In common oral lesions associated with chronic inflammation such as leukoplakia, oral submucous fibrosis, oral lichen planus and squamous cell carcinoma mast cells are shown to be increased in number when compared with normal oral mucosa as shown by Ankle et al suggesting a role for mast cells.¹⁵

Mast cells are known to produce strong response to minute allergens. Recent observations reveal that they may have a key role in co-ordinating the early phases of autoimmunity particularly involving auto-antibodies²¹ . Given their both pro-inflammatory as well as anti-inflammatory functions with a good ability to multitask, Some studies have clearly implicated mast cells in the initiation and/or progression of autoimmune disease.²¹ Mast cells are increased in known auto-immune diseases like pemphigus vulgaris, developing subdermal bullous diseases and also in pemphigoid.²²

Based on the concept that mast cells play a critical role in the induction of inflammation, it is logical to use therapeutic agents to alter mast cell function and secretion, to thwart inflammation at its earliest phases²³. For cutaneous inflammation, this has been accomplished in vitro and in vivo with the mast cell stabilizing agent disodium cromoglycate and a related compound, proxicromilin. Blockade of dental pulp mast cell responses in vitro has been achieved with neutralizing antibodies to TNF, and with substance P receptor antagonists^24-25.
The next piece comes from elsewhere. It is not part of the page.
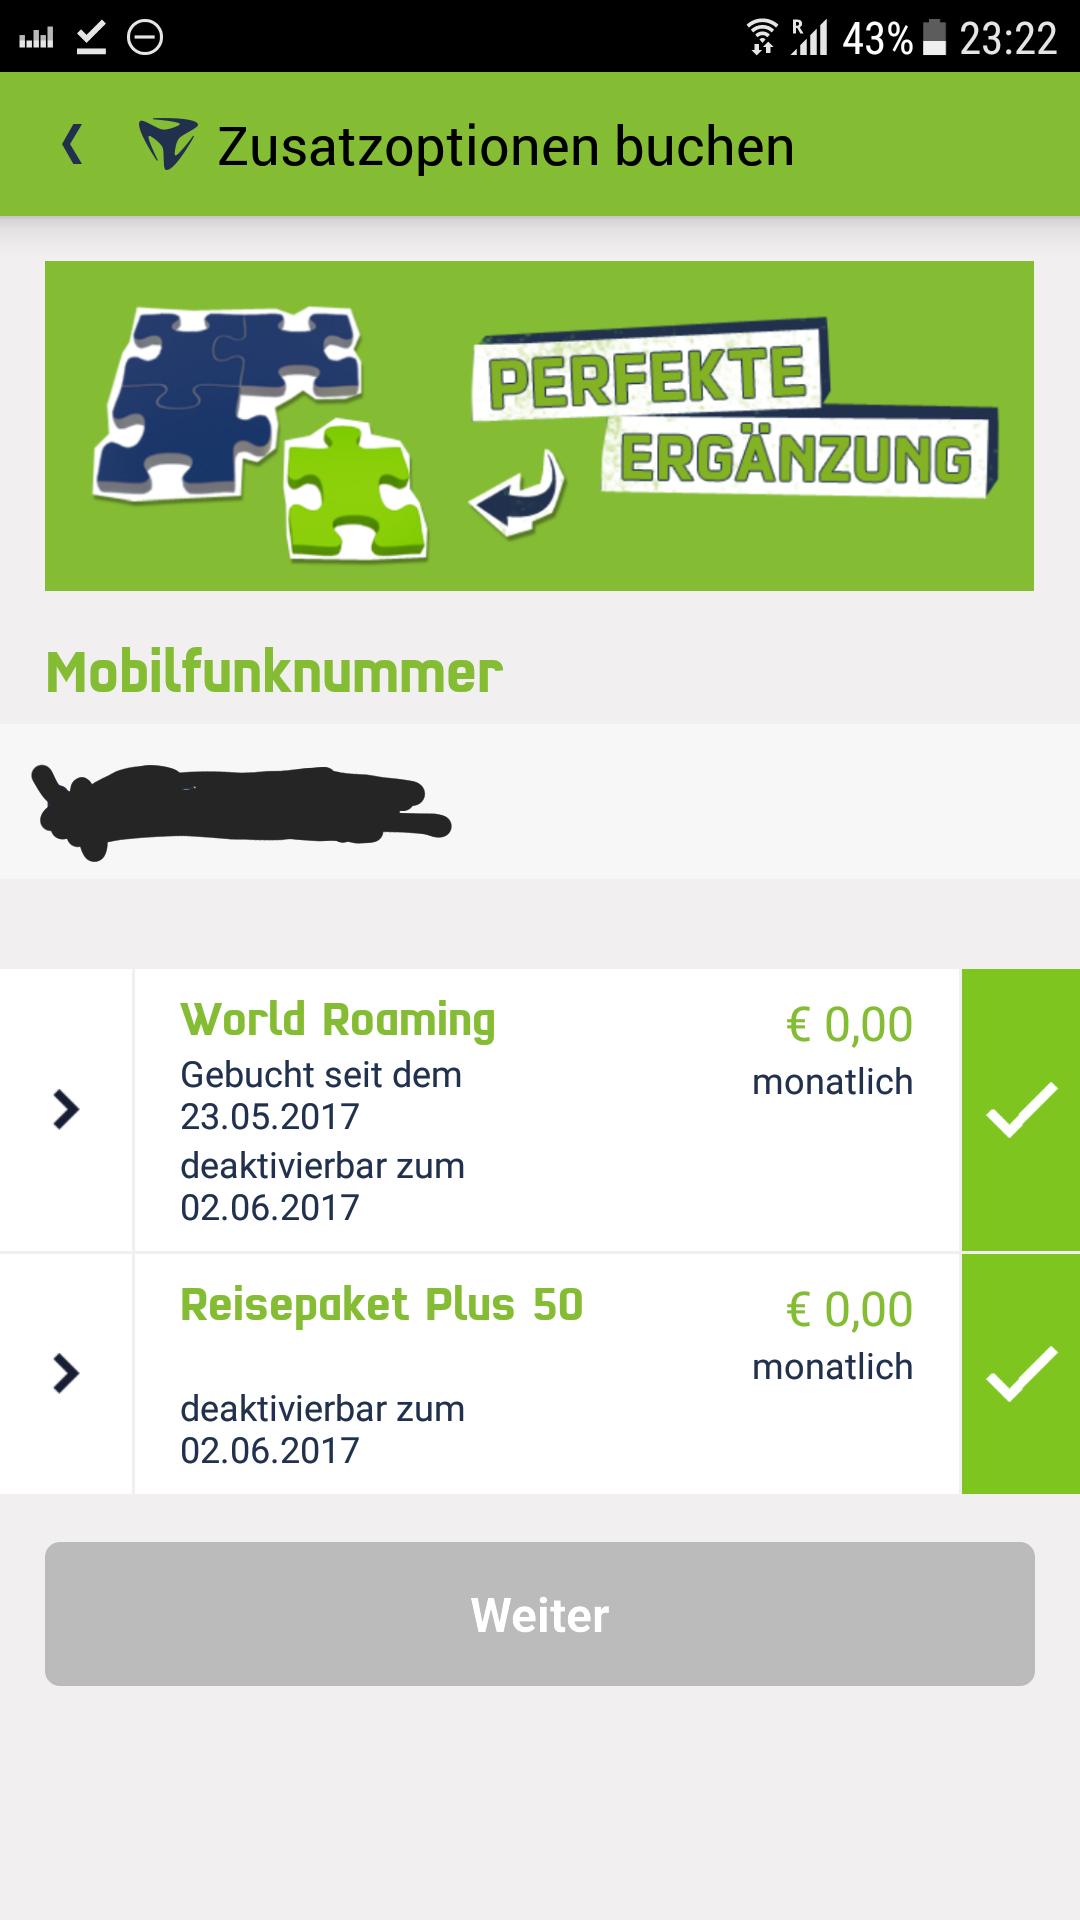 Reisepass plus 50 - Vodafone MobilCom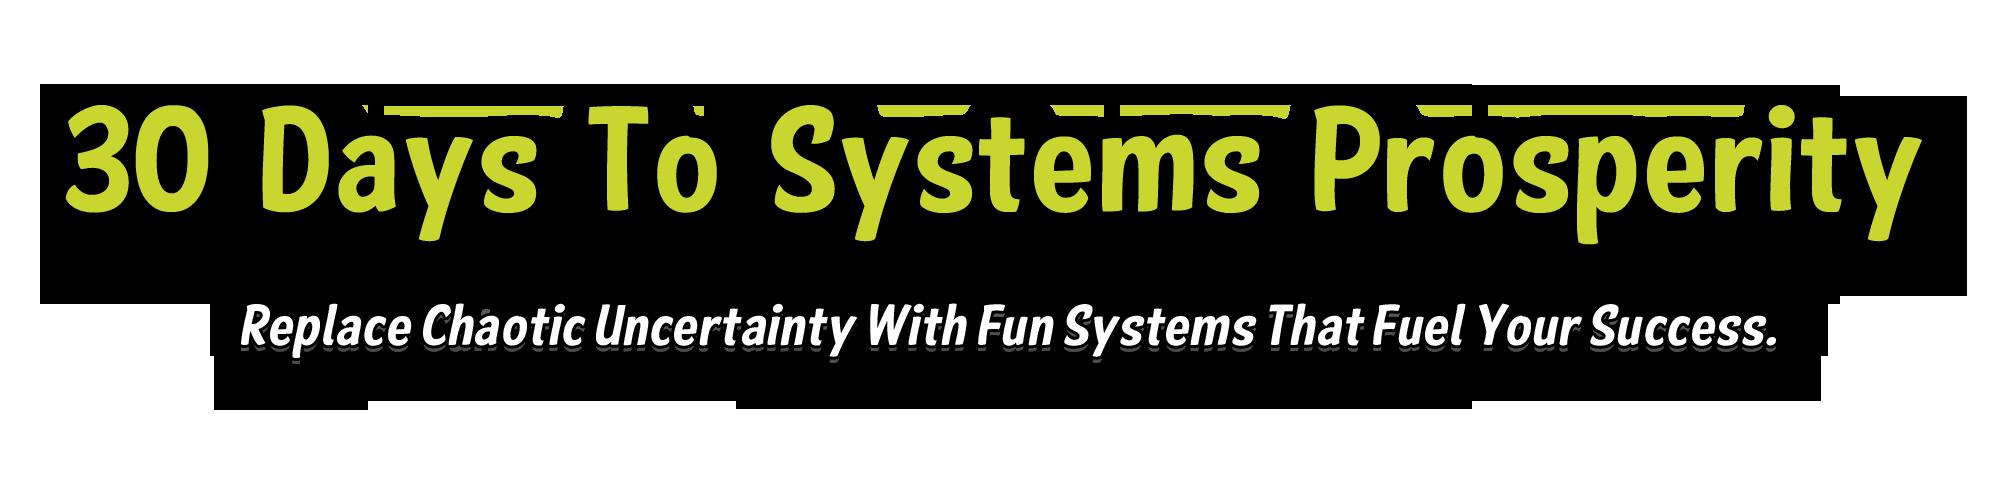 30 Days to Systems Prosperity

An additional stratagem is the use of soluble receptors to inactivate the TNF released from mast cells²⁷. Corticosteroids have been utilized for decades in the treatment of inflammatory conditions of the dental pulp and oral mucosa^28-30. An important property of corticosteroids that may contribute to their therapeutic efficacy is their ability to deplete mast cells locally at sites of prolonged or occlusive application^31-33.